A brand new, completely unique event series lands in a vegetarian cafe basement in Bristol, with three tantalising live performances from three wildly different artists. With the city council circling the larger venues with later closing times, louder lineups and crushing overcrowding, the smaller, niche events like this also deserve to be heard.
‘The more ambient build up of the I Love Acid parties was my favourite part of them.’ explained Richard Wigglesworth, aka Tudor Acid, in a recent interview on London radio station, Threads.
He was discussing his involvement in the legendary party that friend Luke Vibert helped put on, and which he played at live on numerous occasions. This endearment towards the more experimental side of electronic music, before the hedonistic hecticism of post-midnight performances, has influenced Tudor Acid to extend this early segment of the night to a whole event. An event for the curious, for the people that eschew Facebook set-times. For the rovers and wanderers.
The result is ‘Electro Cafe’, an event being held at vegetarian Cafe Kino in Stokes Croft on the 25th October. Three performances, all of them live, from Tudor Acid himself, and two fellow exponents of underground experimental music.
Headlining the night is Meemo Comma, whose new album ‘Sleepmoss’ will be launched on the night with a live performance. This is a bold aim, to represent such an exact feeling with music, however Meemo’s debut album Depersonalisation did precisely that. By fusing tantalising textural sounds, near-yet-far vocal samples and warming drones, that strange, uneasy yet comforting feeling of depersonalisation was exactly what the music conveyed.
Second on the bill, after Tudor Acid is Xylitol. This 20-year long project of artist and actor Catherine Backhouse channels the eskibeat clicks and cold production of early grime, with more ethereal and melodic elements.
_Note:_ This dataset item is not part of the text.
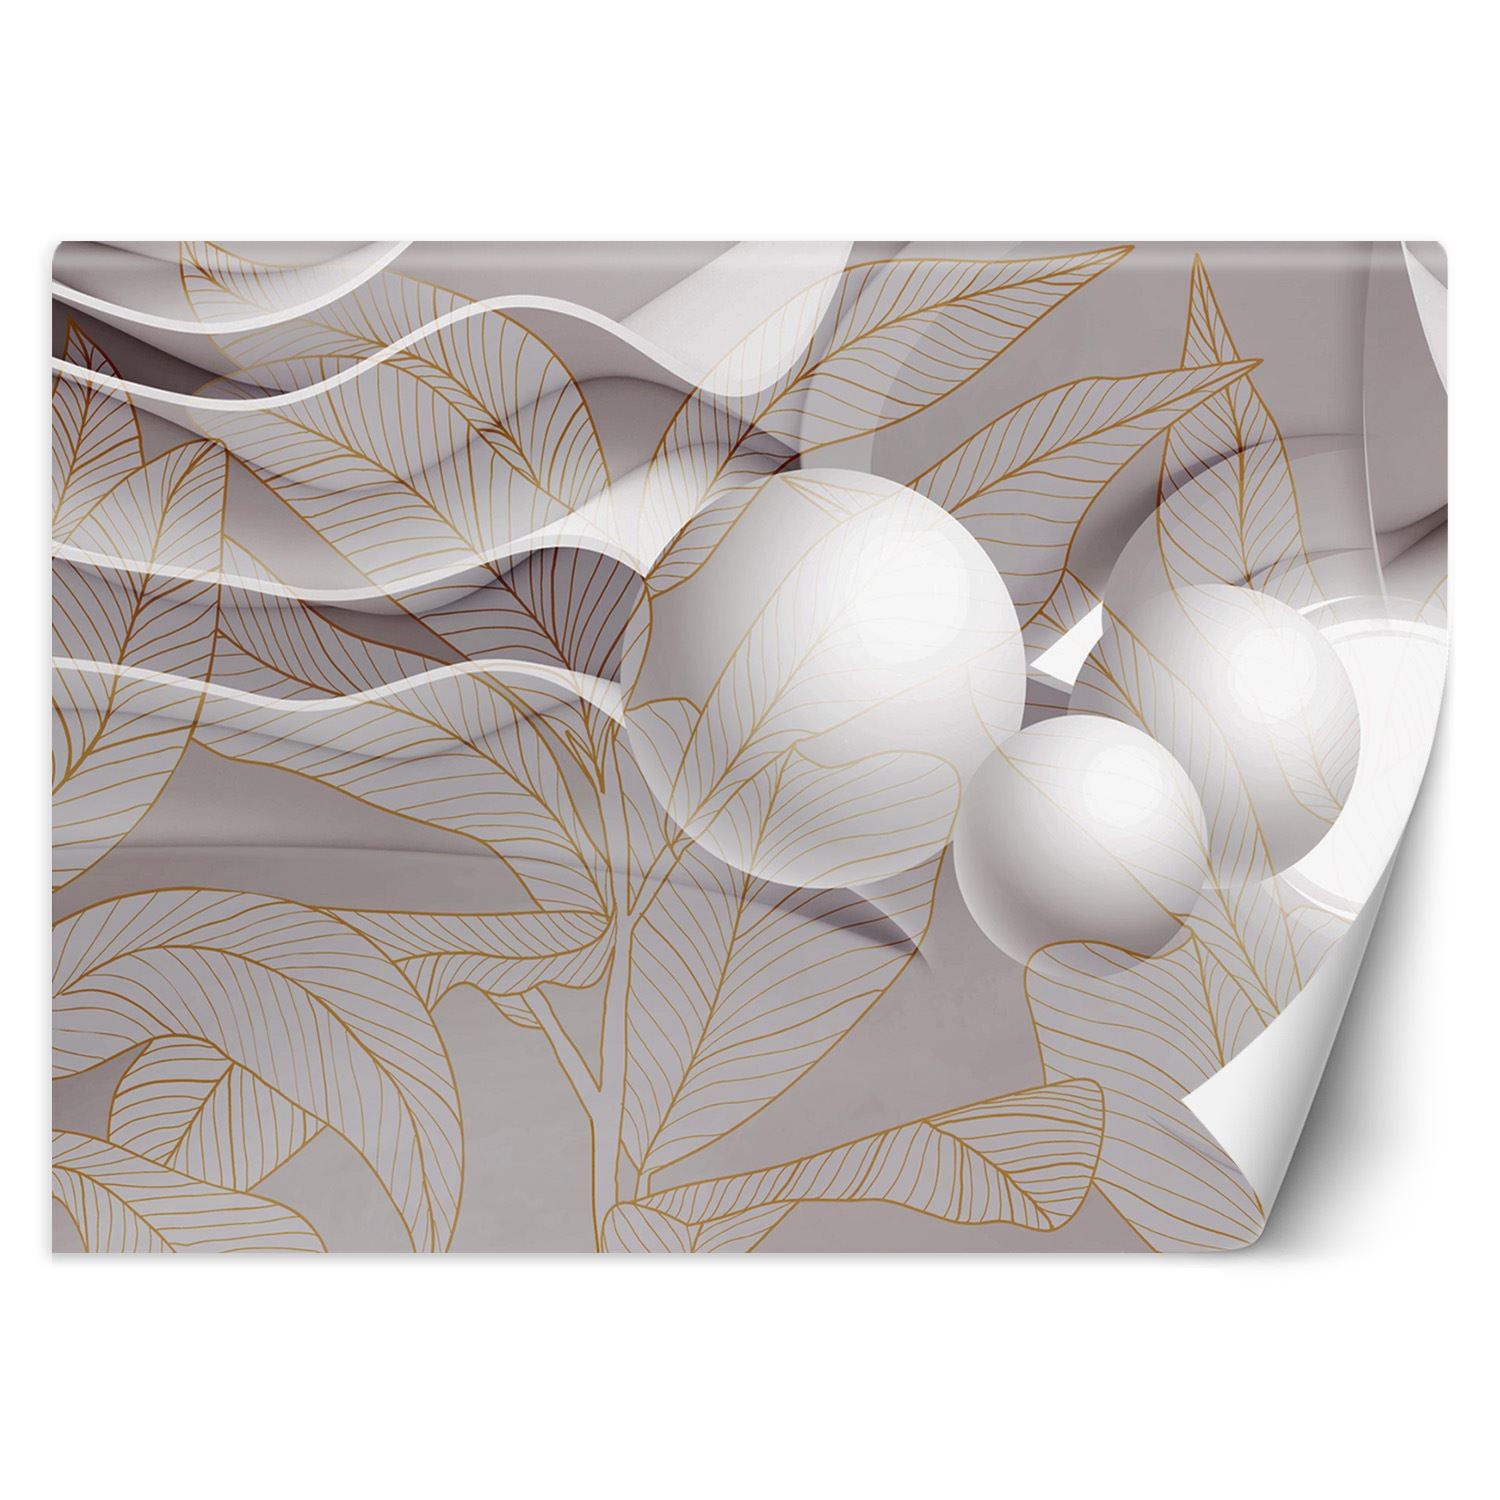 Trend24 – Behang – Goudbladeren En Bollen 3D – Behangpapier – Fotobehang 3D – Behang Woonkamer – 450x315x2 cm – Incl. behanglijm

I wouldn’t have ever classed early grime as ‘nerdy’ like I would have ‘Intelligent Dance Music’, until this project put the video-game sampling elements, chiptunes and almost binary rhythms of both genres in my face and asked me to tell the difference.
In a time where the same line-ups are being rotated on an almost monthly basis, where promotion is being homogenised, and everyone arrives after the warm-up acts, the defiance of events like this are good to see.
Much like the ambient build-up of the I Love Acid Parties, this is a relatively wholesome time-space to set the mood for the rest of your weekend, however hedonistic that may turn out to be.